DATA EXTRACT ▸
▬▬▬▬▬▬

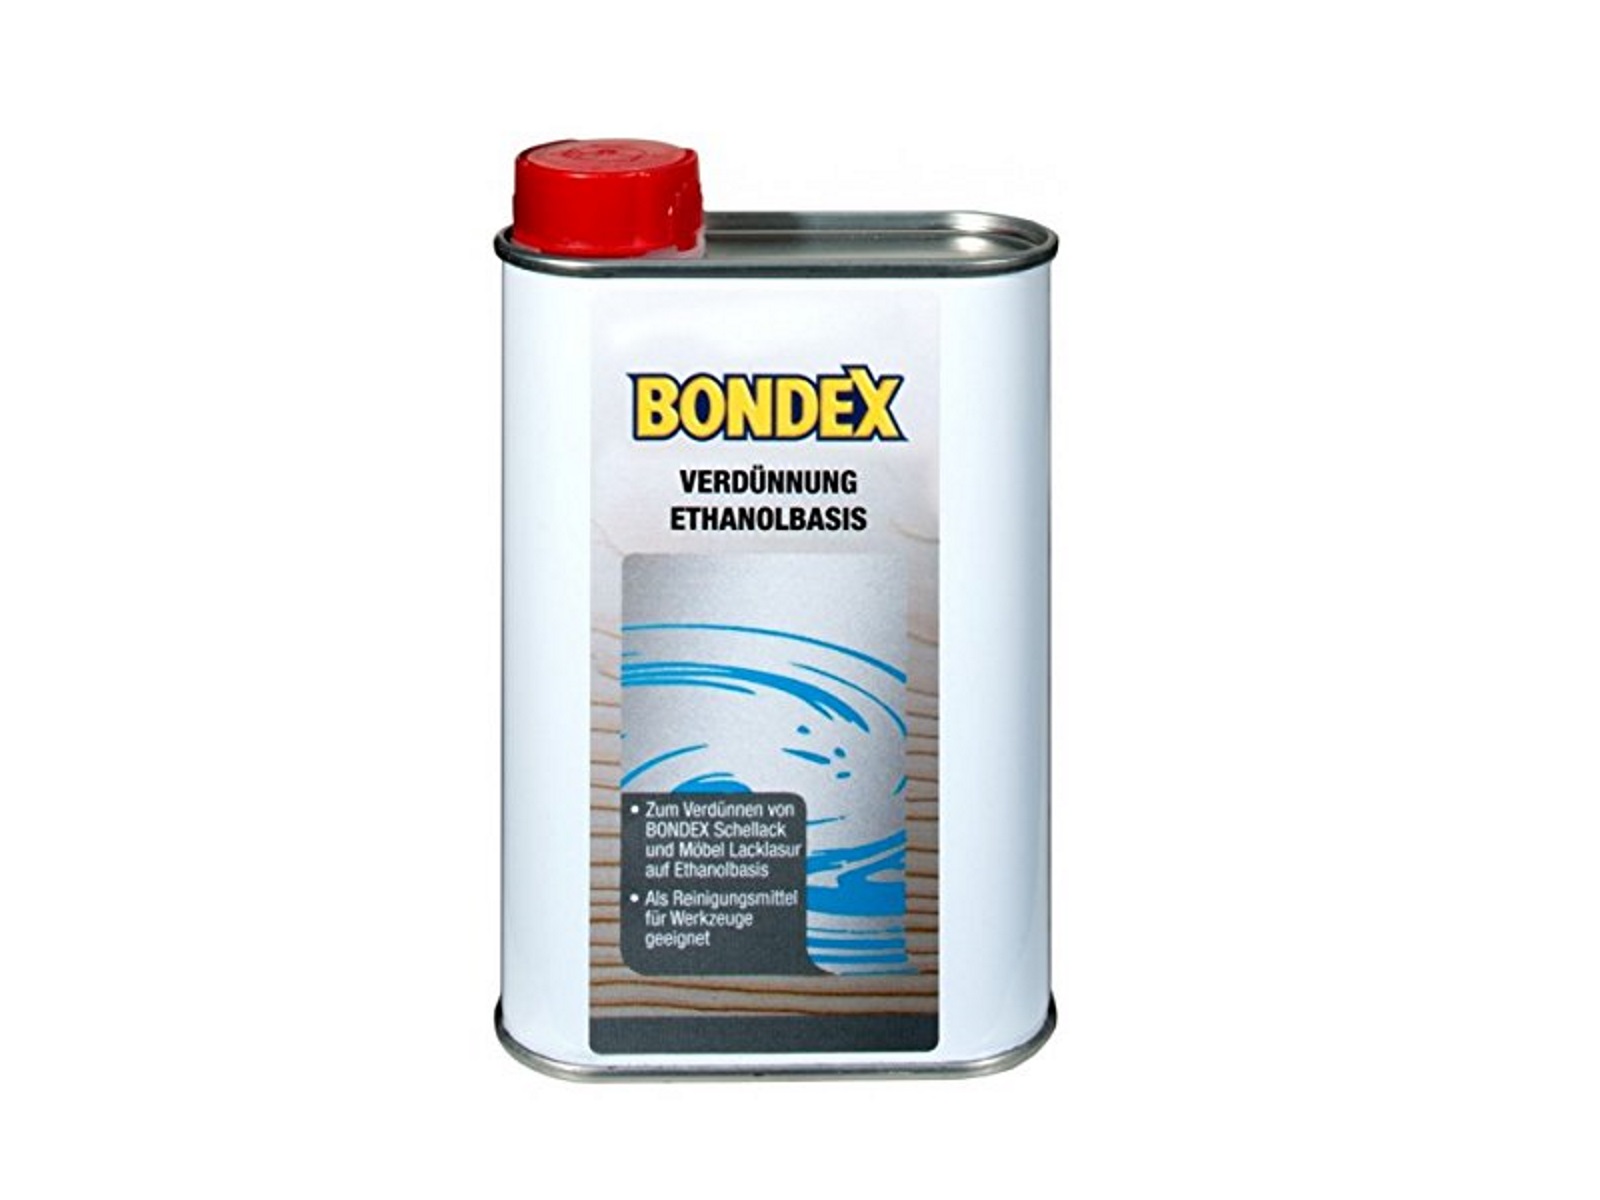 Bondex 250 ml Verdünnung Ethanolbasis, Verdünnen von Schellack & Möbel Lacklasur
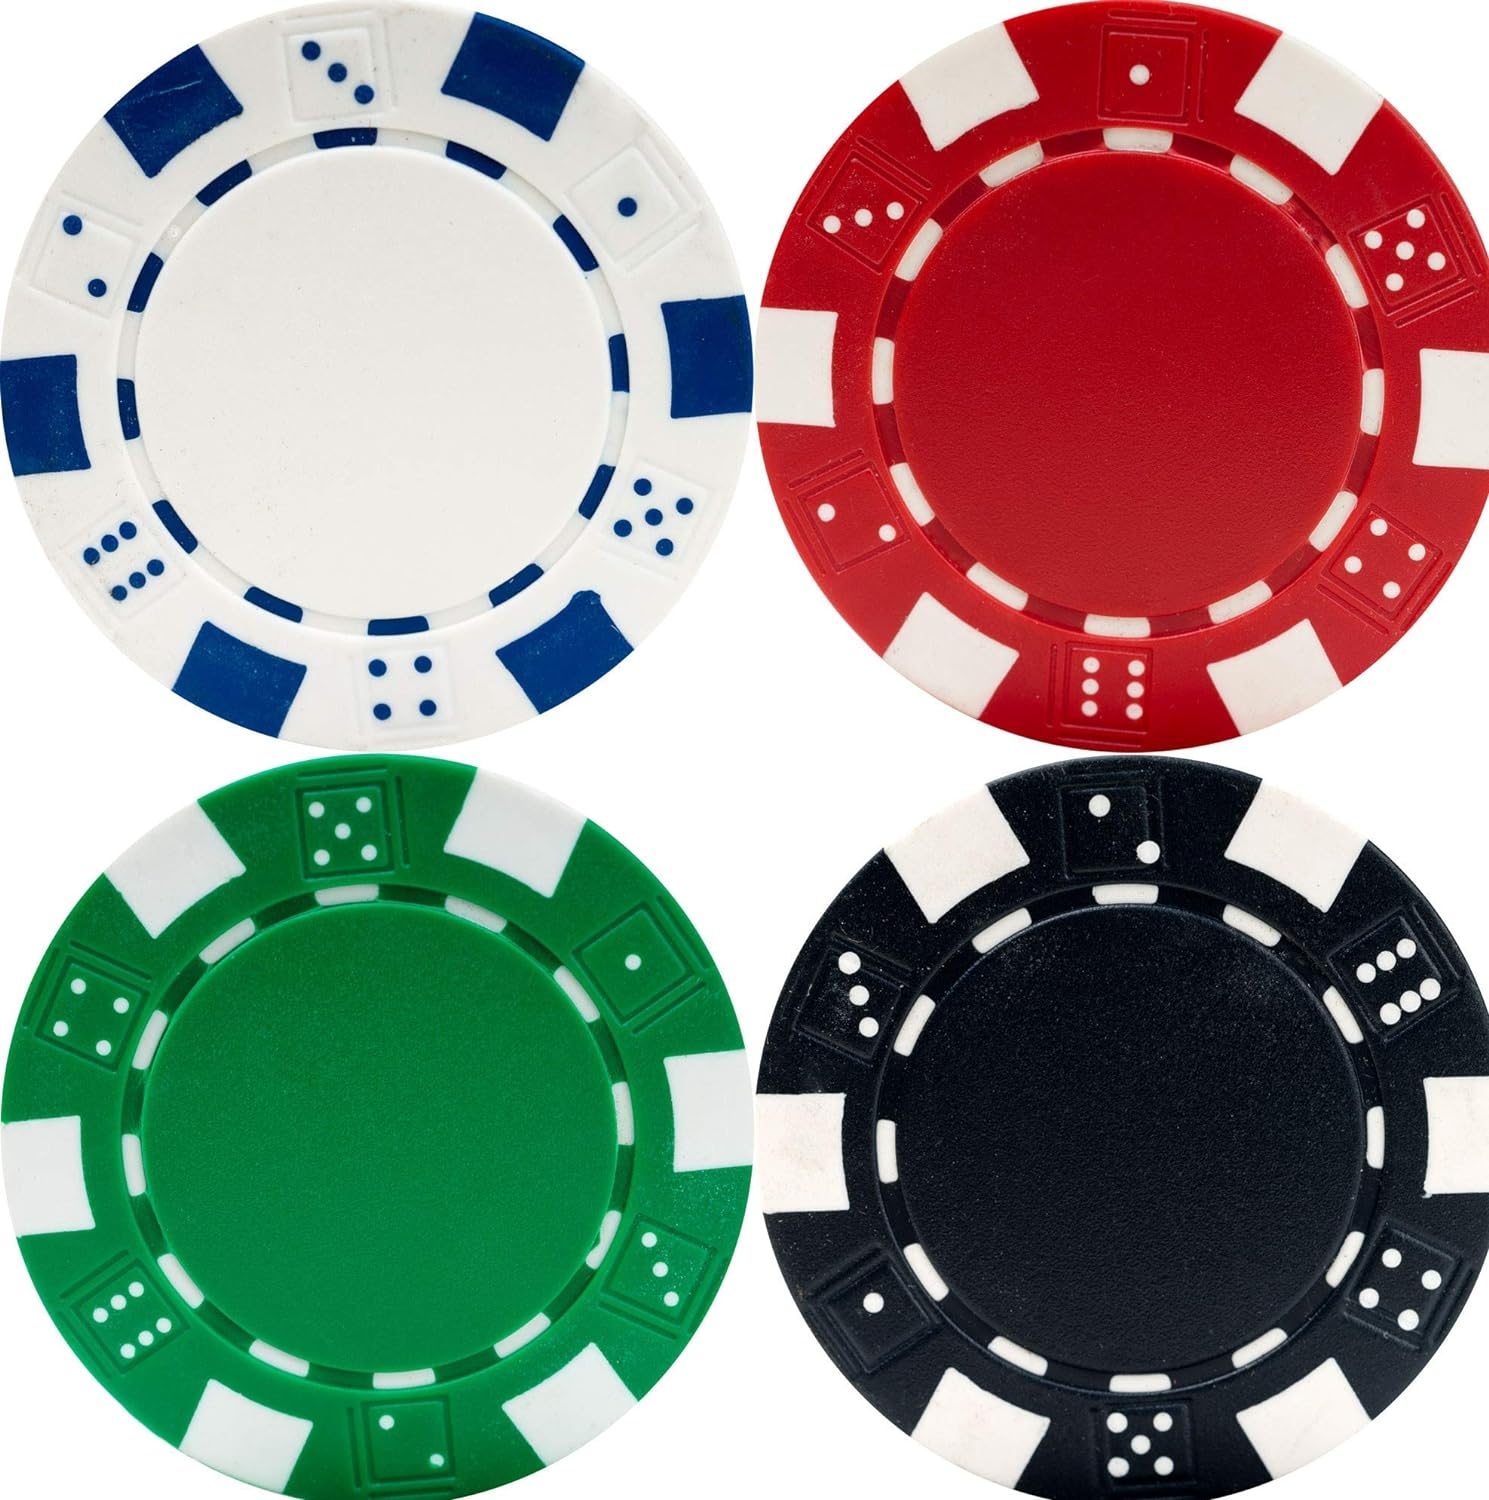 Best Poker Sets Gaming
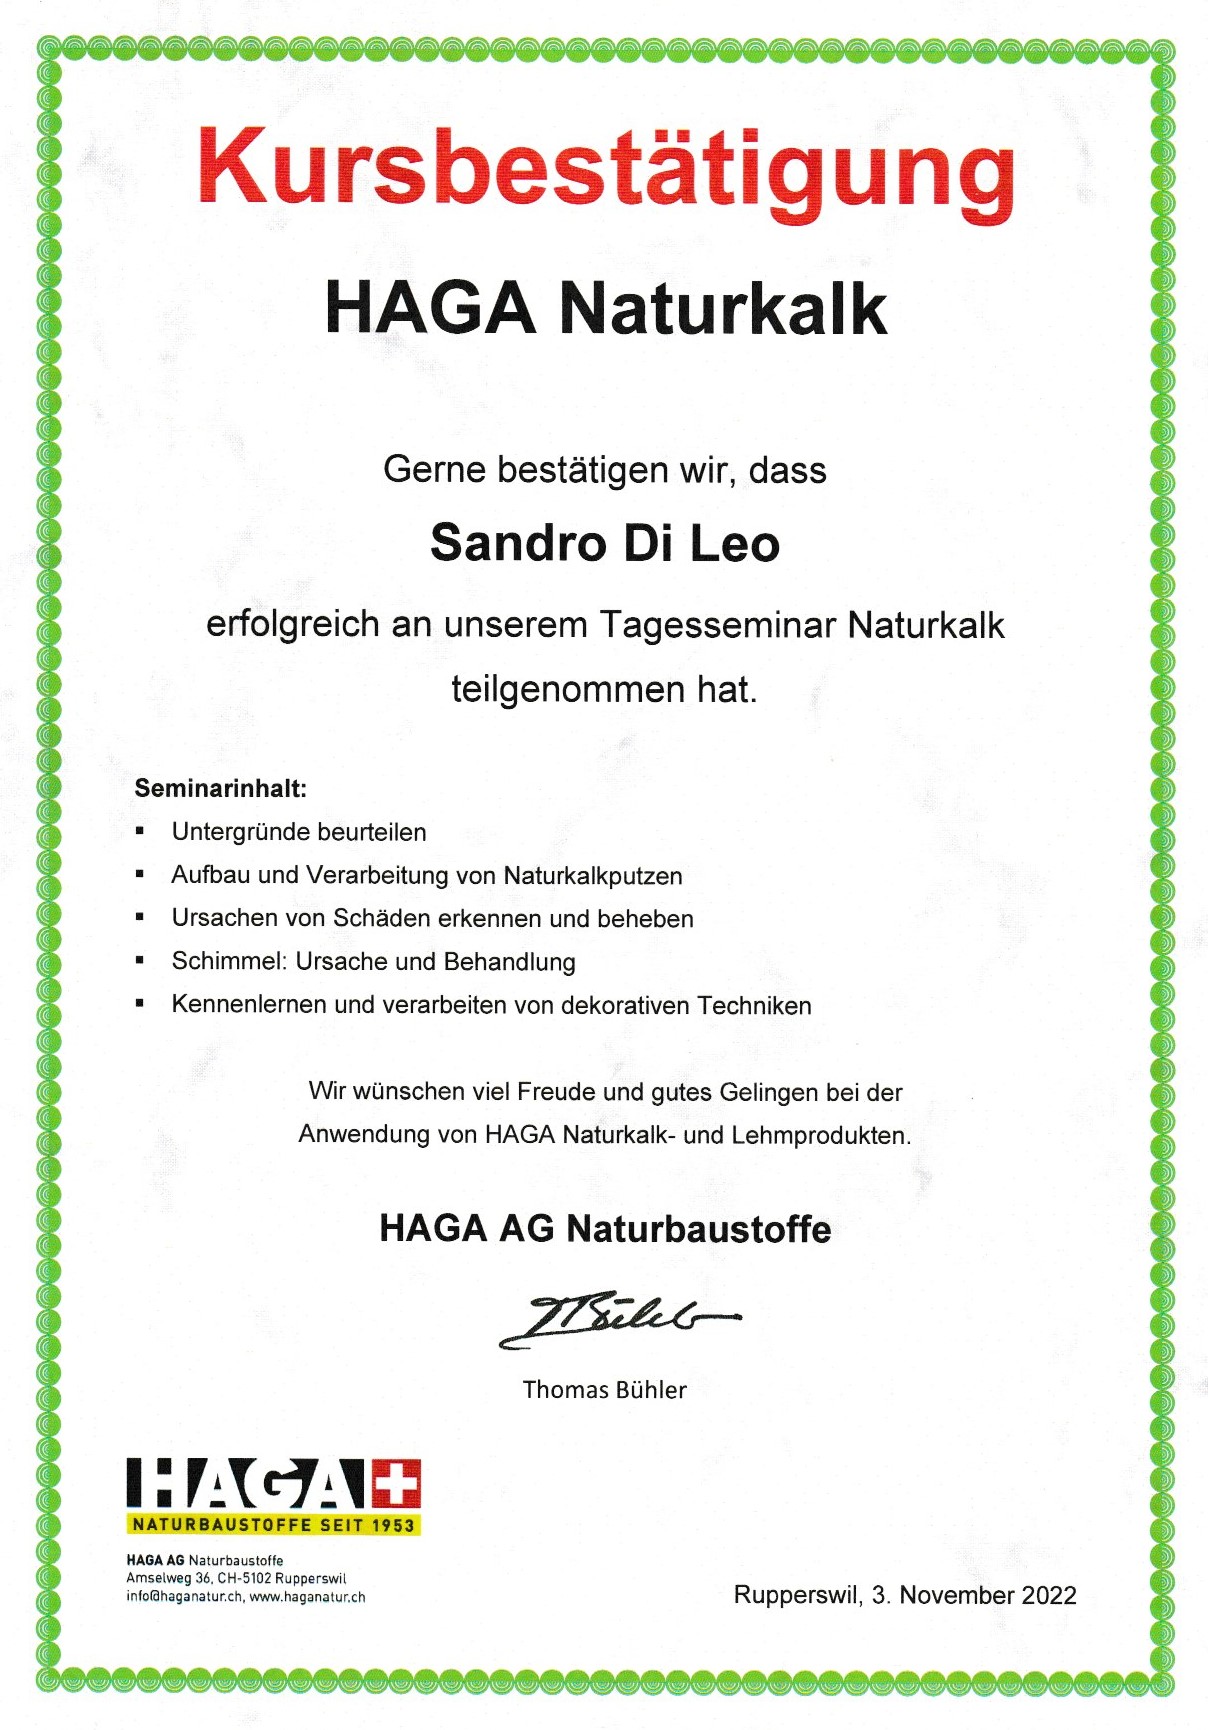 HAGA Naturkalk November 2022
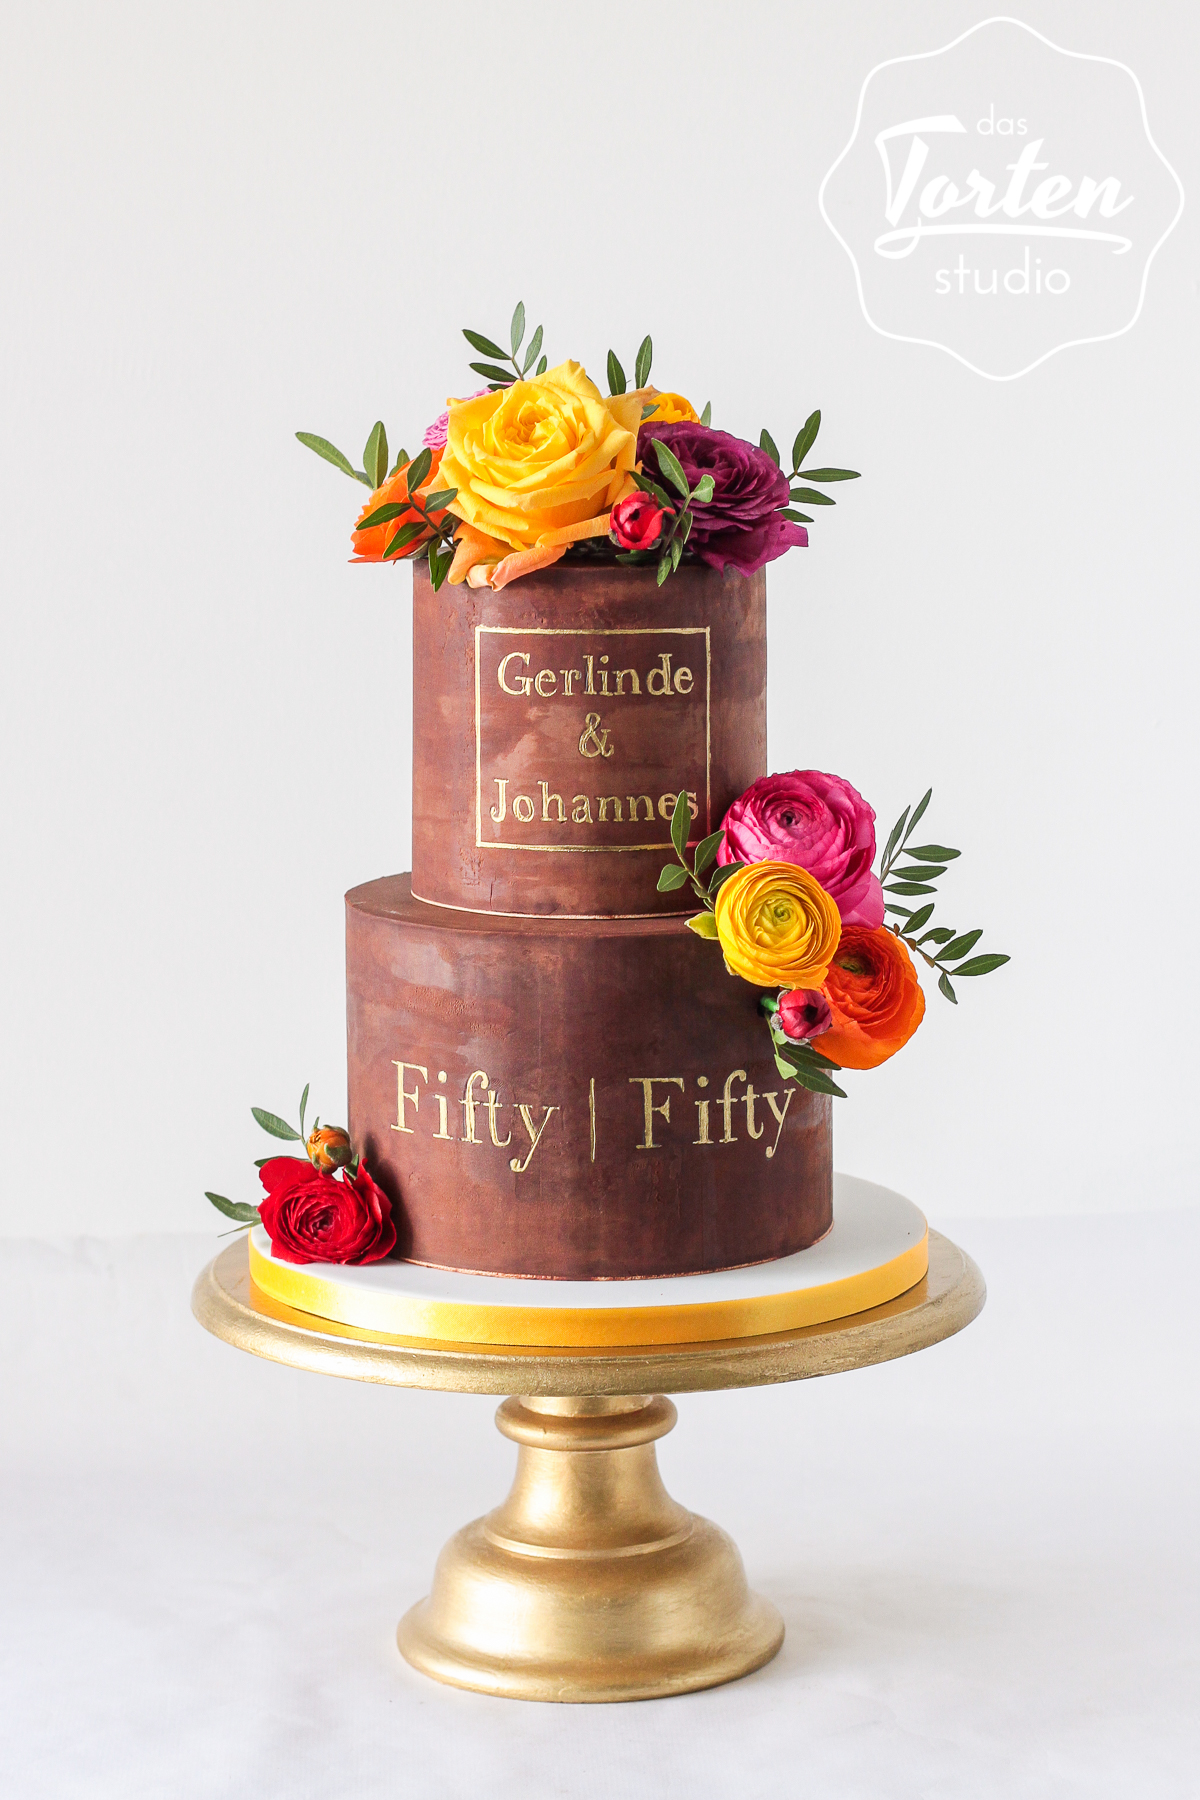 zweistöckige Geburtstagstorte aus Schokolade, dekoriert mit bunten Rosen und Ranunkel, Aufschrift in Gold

▬▬▬▬▬▬

WHAT IS NEEDED ▸ The finished answer is an exact repetition of the listing, with every picture removed.

REPLY TO THE EXERCISE ▸
 Bondex 250 ml Verdünnung Ethanolbasis, Verdünnen von Schellack & Möbel Lacklasur
 Best Poker Sets Gaming
 HAGA Naturkalk November 2022
 zweistöckige Geburtstagstorte aus Schokolade, dekoriert mit bunten Rosen und Ranunkel, Aufschrift in Gold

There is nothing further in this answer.